═════ MATERIAL FOR THIS EXERCISE

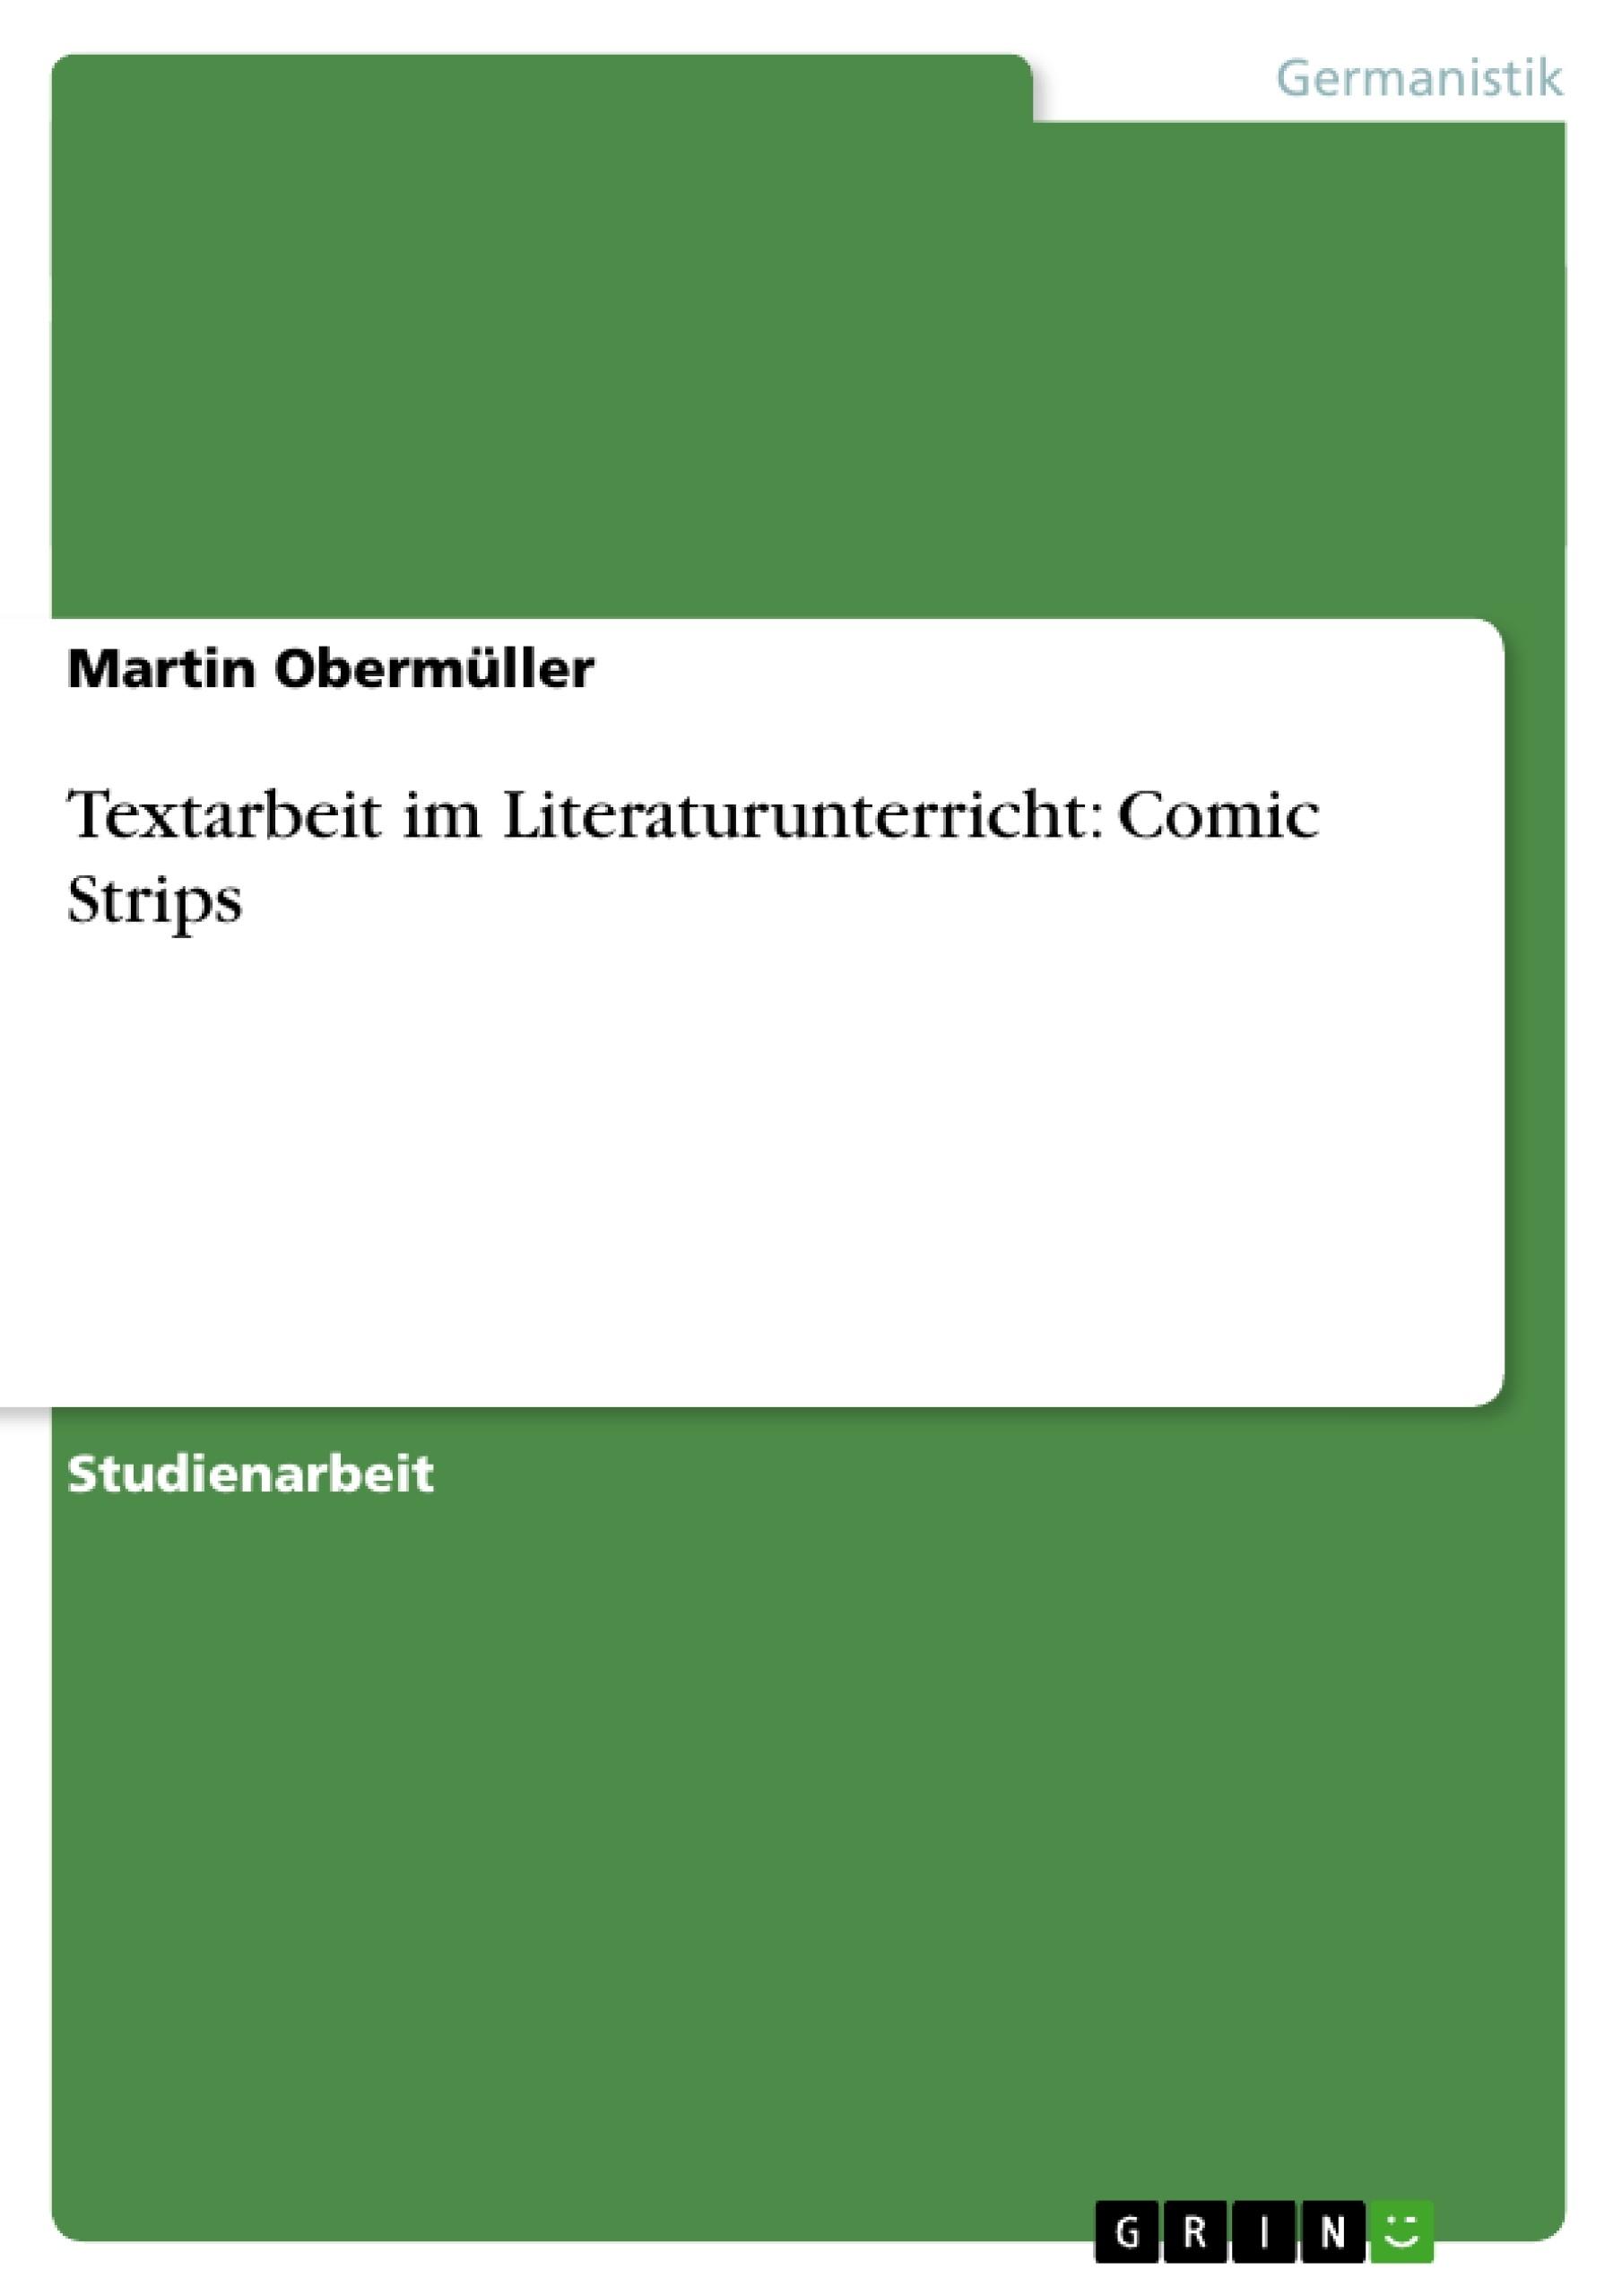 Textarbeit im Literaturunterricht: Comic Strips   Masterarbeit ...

══════════
═════ MATERIAL FOR THIS EXERCISE

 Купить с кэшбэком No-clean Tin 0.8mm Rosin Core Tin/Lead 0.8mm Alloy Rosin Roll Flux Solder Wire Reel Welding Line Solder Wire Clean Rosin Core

══════════
═════ MATERIAL FOR THIS EXERCISE

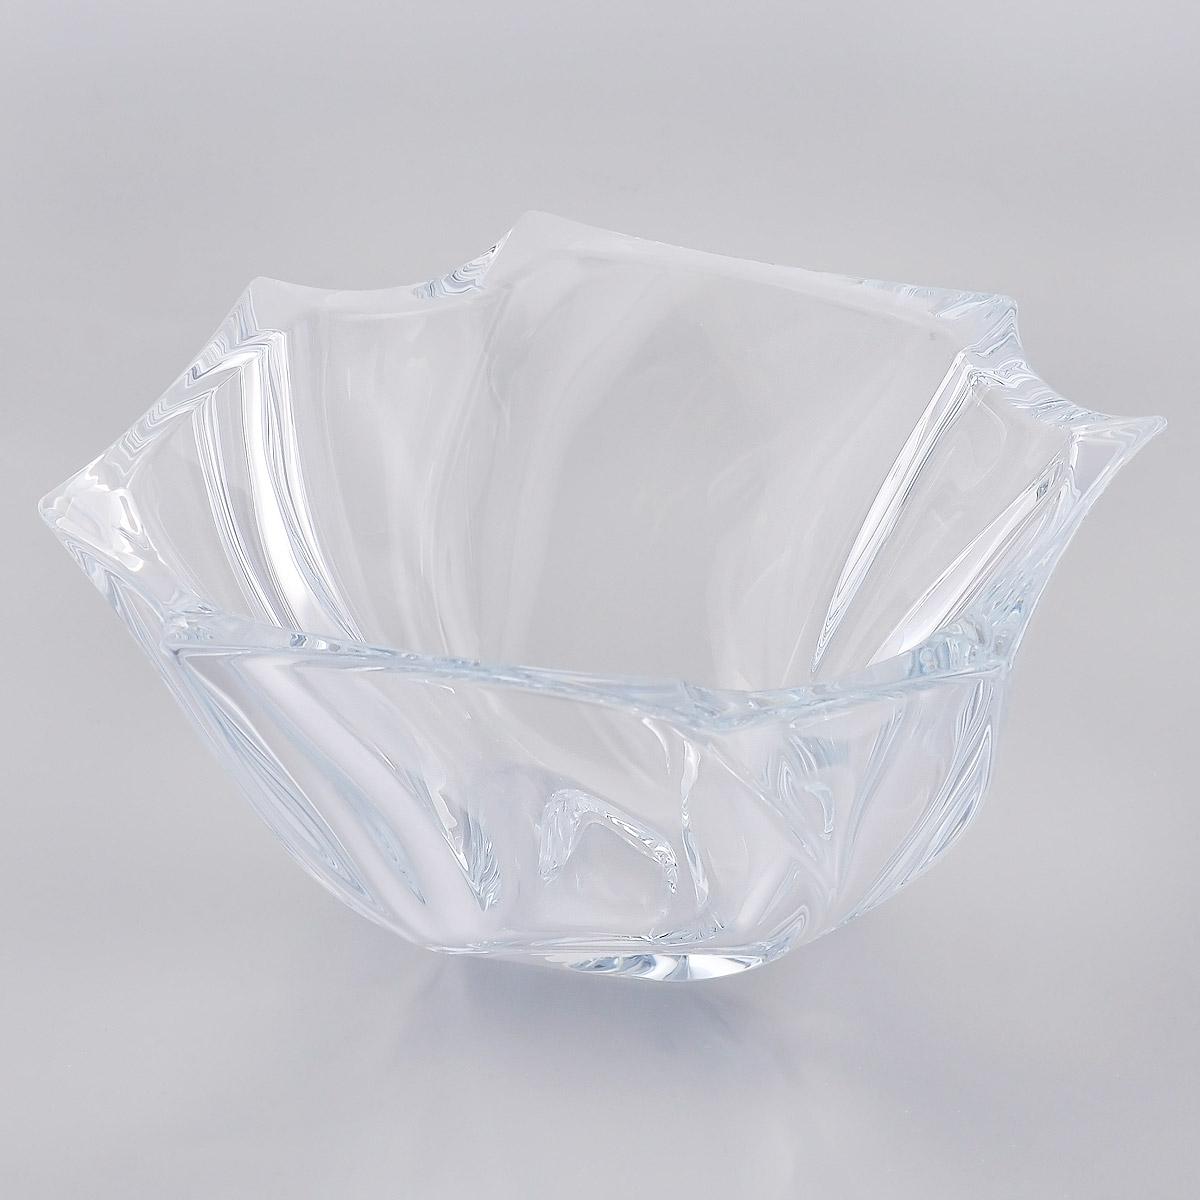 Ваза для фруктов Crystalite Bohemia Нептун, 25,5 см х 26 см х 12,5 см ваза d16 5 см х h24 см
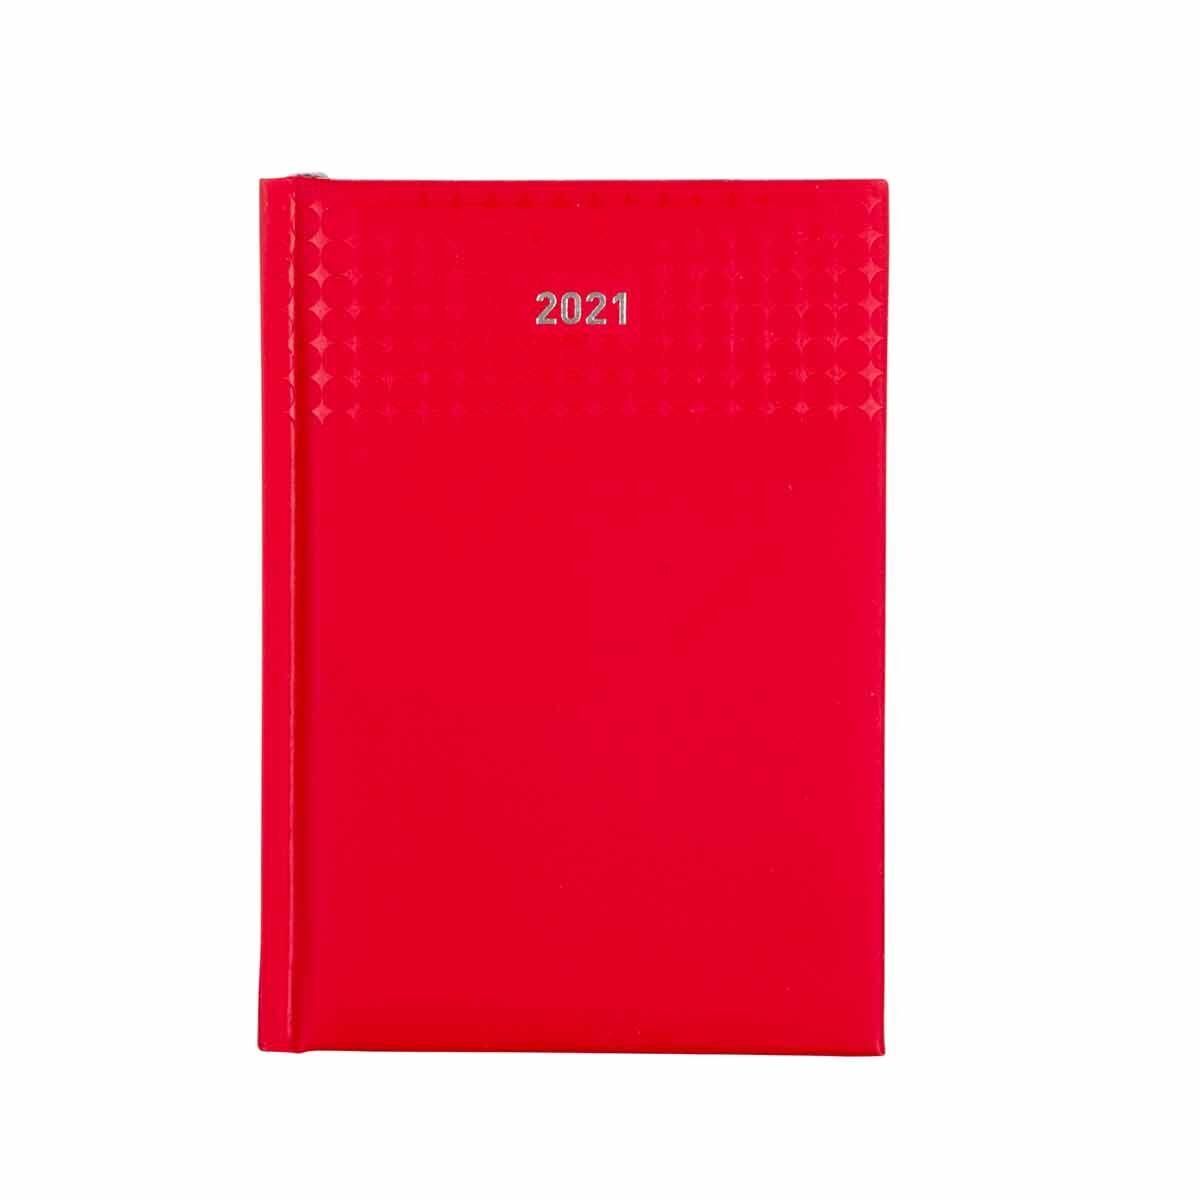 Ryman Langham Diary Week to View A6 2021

══════════

* [TASK DETAILS]: Without the pictures, give again exactly the lines above starting at the line containing "Ваза для фруктов" and ending at the line containing "Ryman Langham Diary Week to View A6 2021".

* [TASK SOLUTION]:
 Ваза для фруктов Crystalite Bohemia Нептун, 25,5 см х 26 см х 12,5 см ваза d16 5 см х h24 см
 Ryman Langham Diary Week to View A6 2021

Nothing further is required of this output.